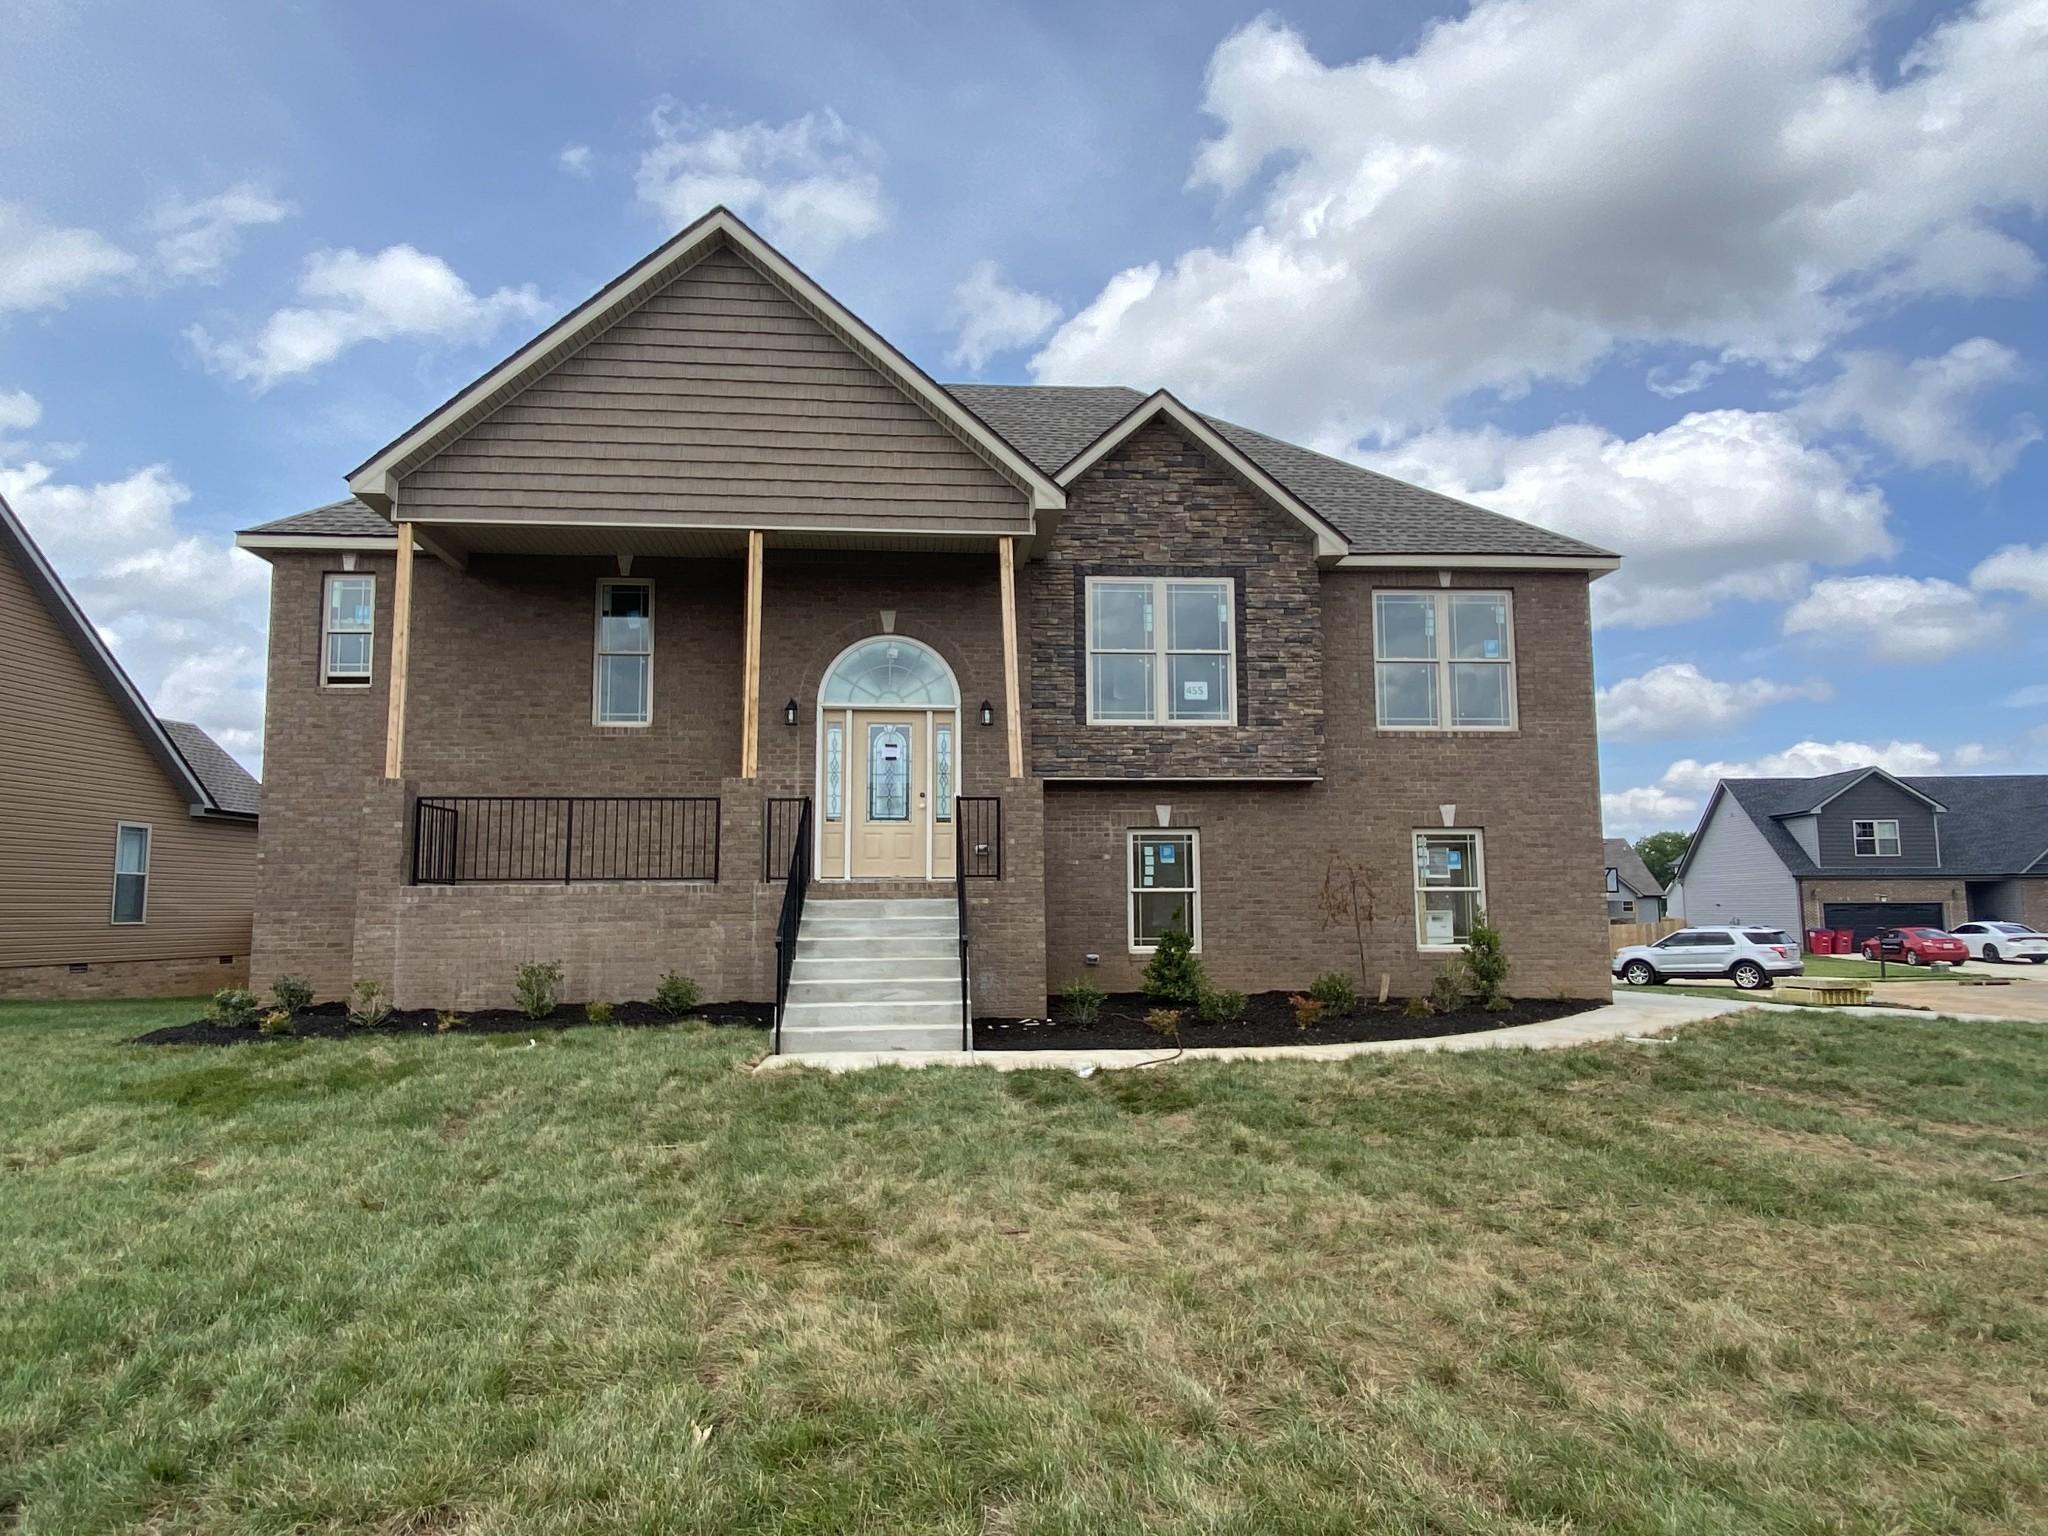 455 Autumnwood Farms, Clarksville, TN 37042 - Clarksville, TN real estate listing
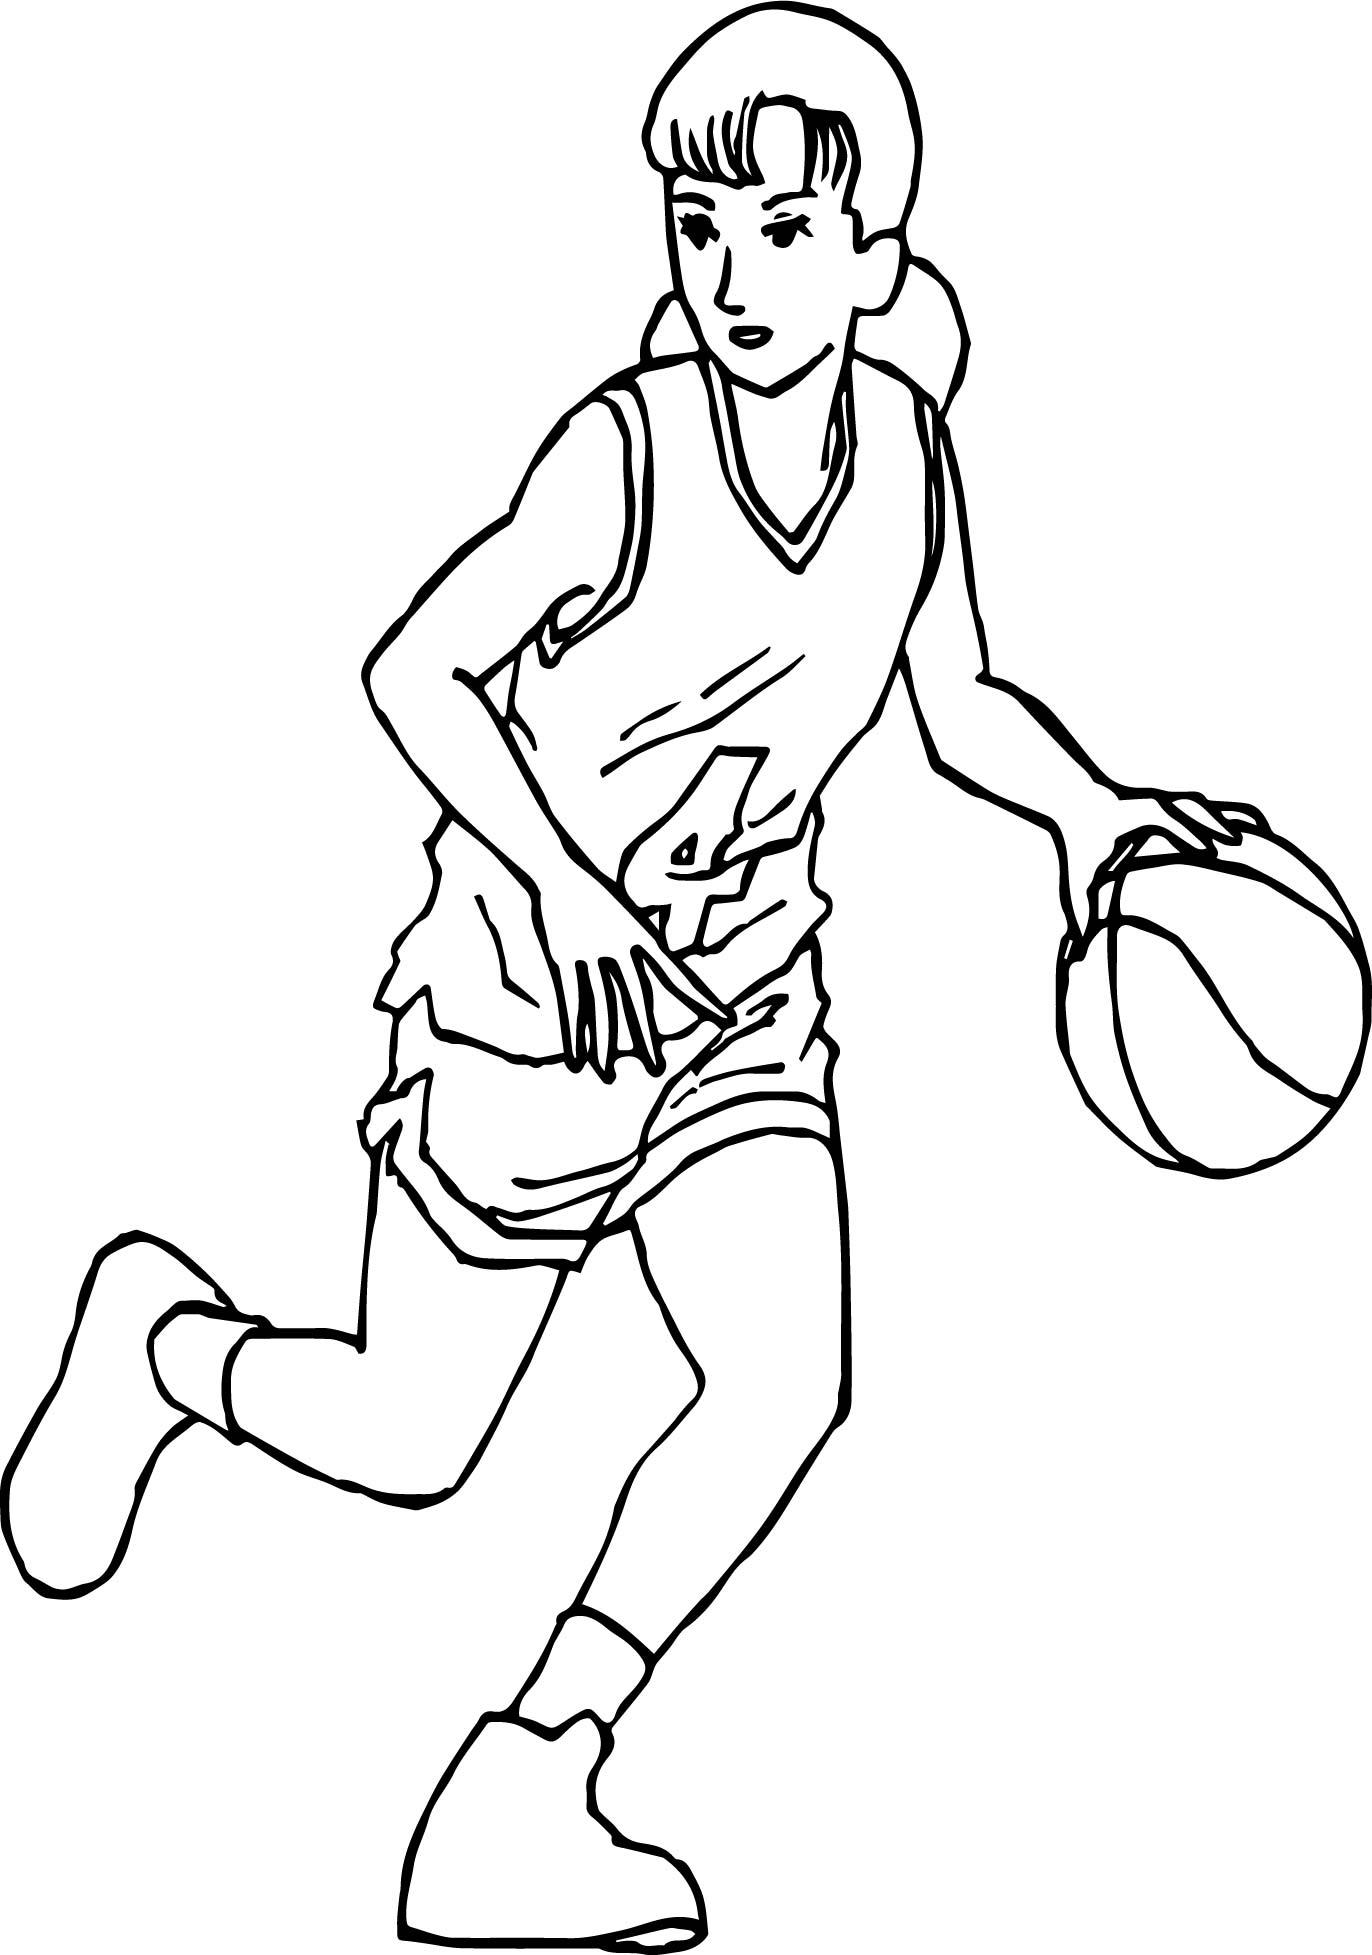 Good Manga Girl Playing Basketball Coloring Page
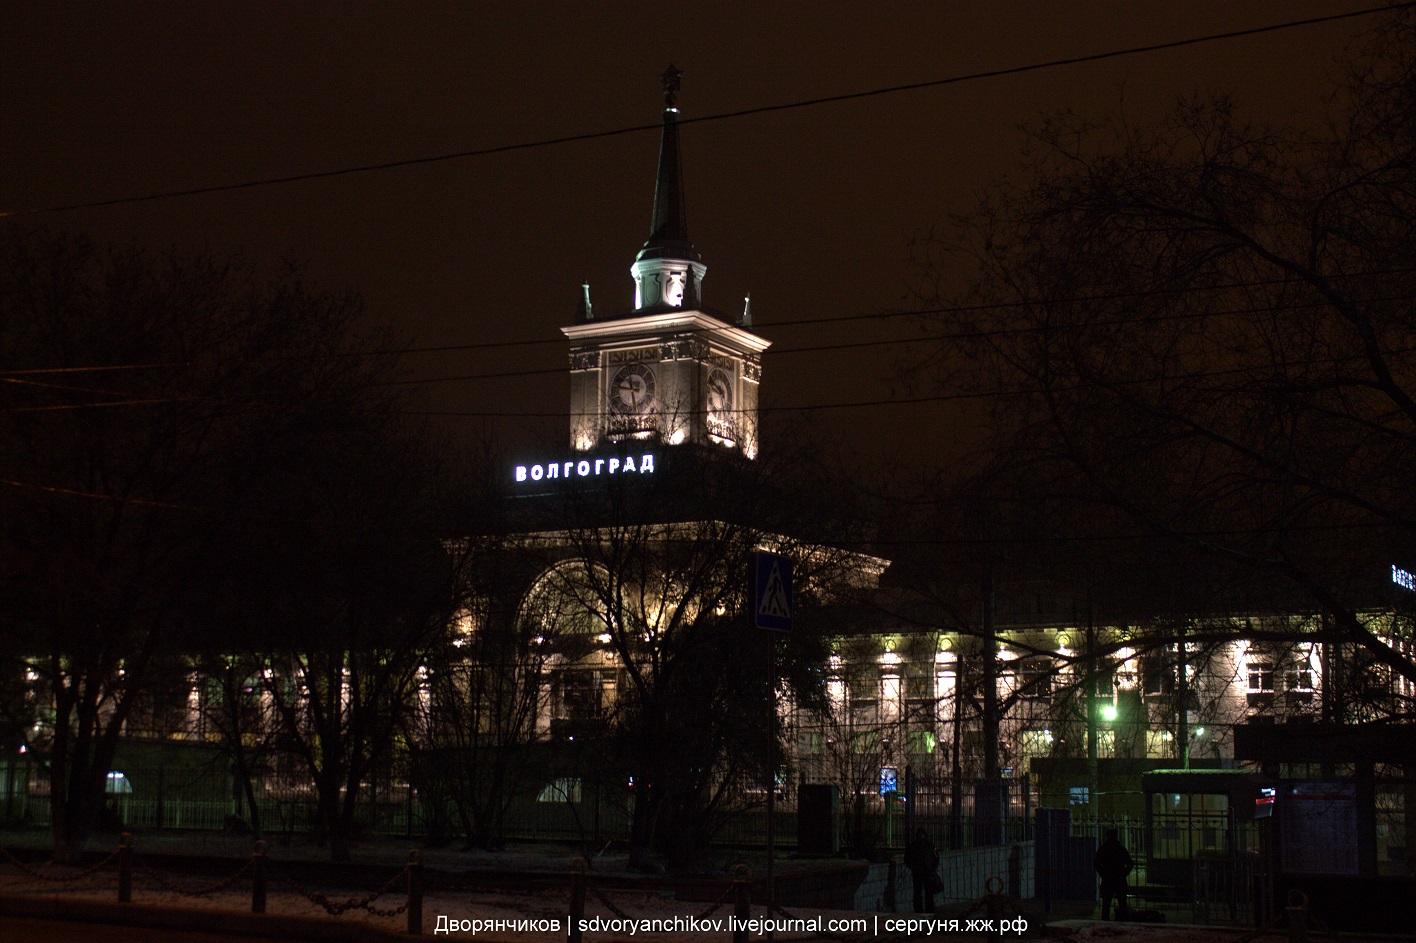 С другой стороны - жд вокзал Волгоград 1
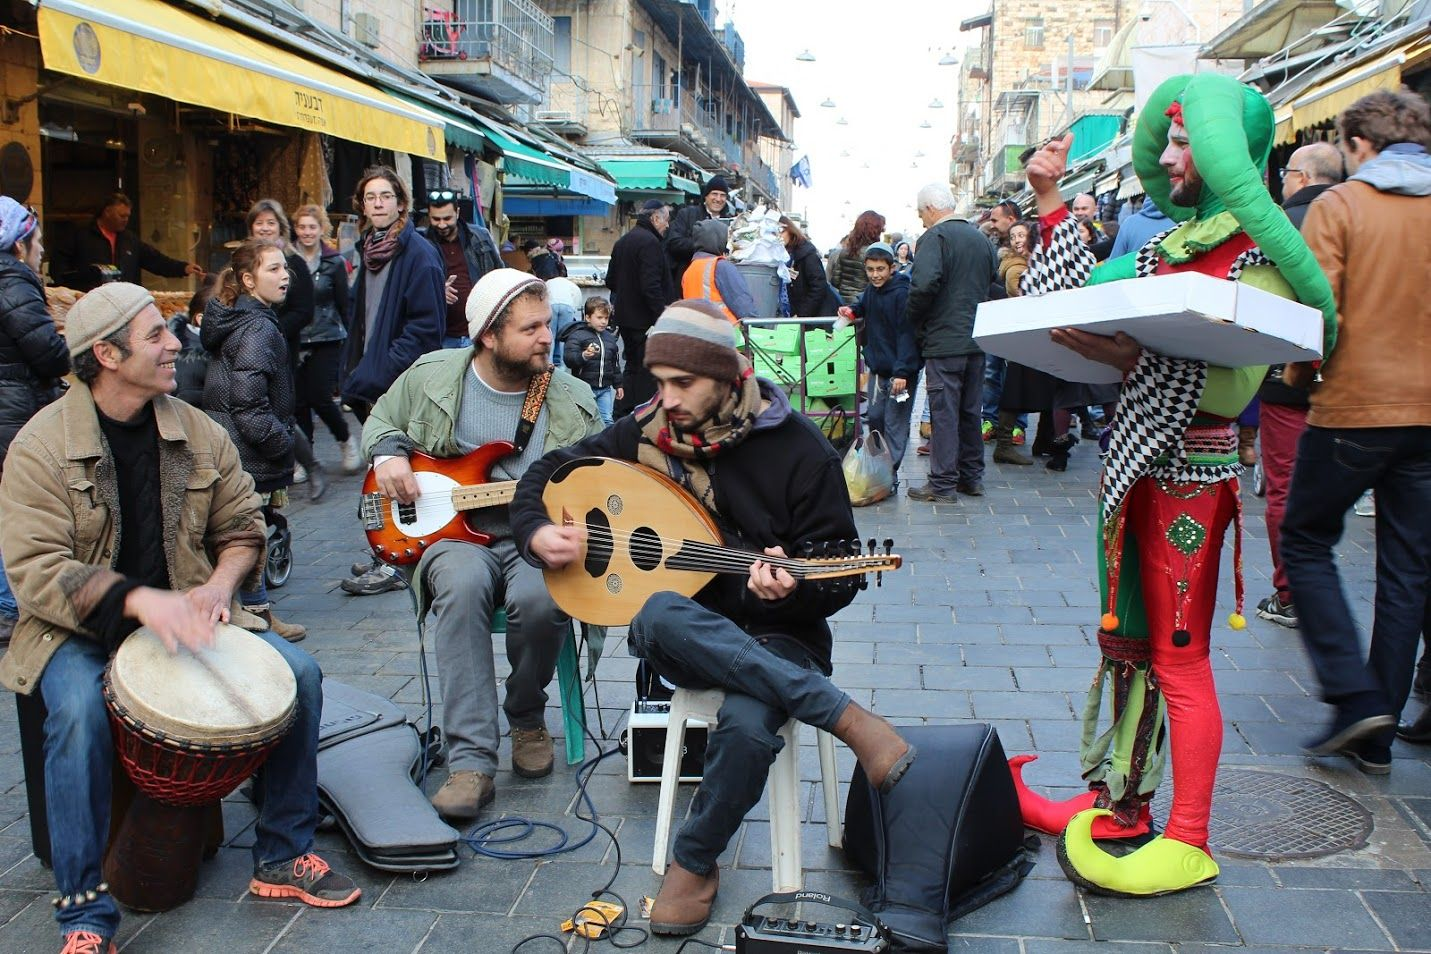 Itaï joue de l'oud, accompagné de djembé et de guitare bass, l'arlequin offre des beignets aux enfants, Mahane Yéhouda, Jérusalem, le 28 décembre 2016

▶ **TASK BRIEF**: Beginning with the line that contains "Good Manga Girl" and ending with the last line of the data, transcribe each line exactly; pictures stay out.

▶ **EXPECTED ANSWER**:
 Good Manga Girl Playing Basketball Coloring Page
 С другой стороны - жд вокзал Волгоград 1
 Itaï joue de l'oud, accompagné de djembé et de guitare bass, l'arlequin offre des beignets aux enfants, Mahane Yéhouda, Jérusalem, le 28 décembre 2016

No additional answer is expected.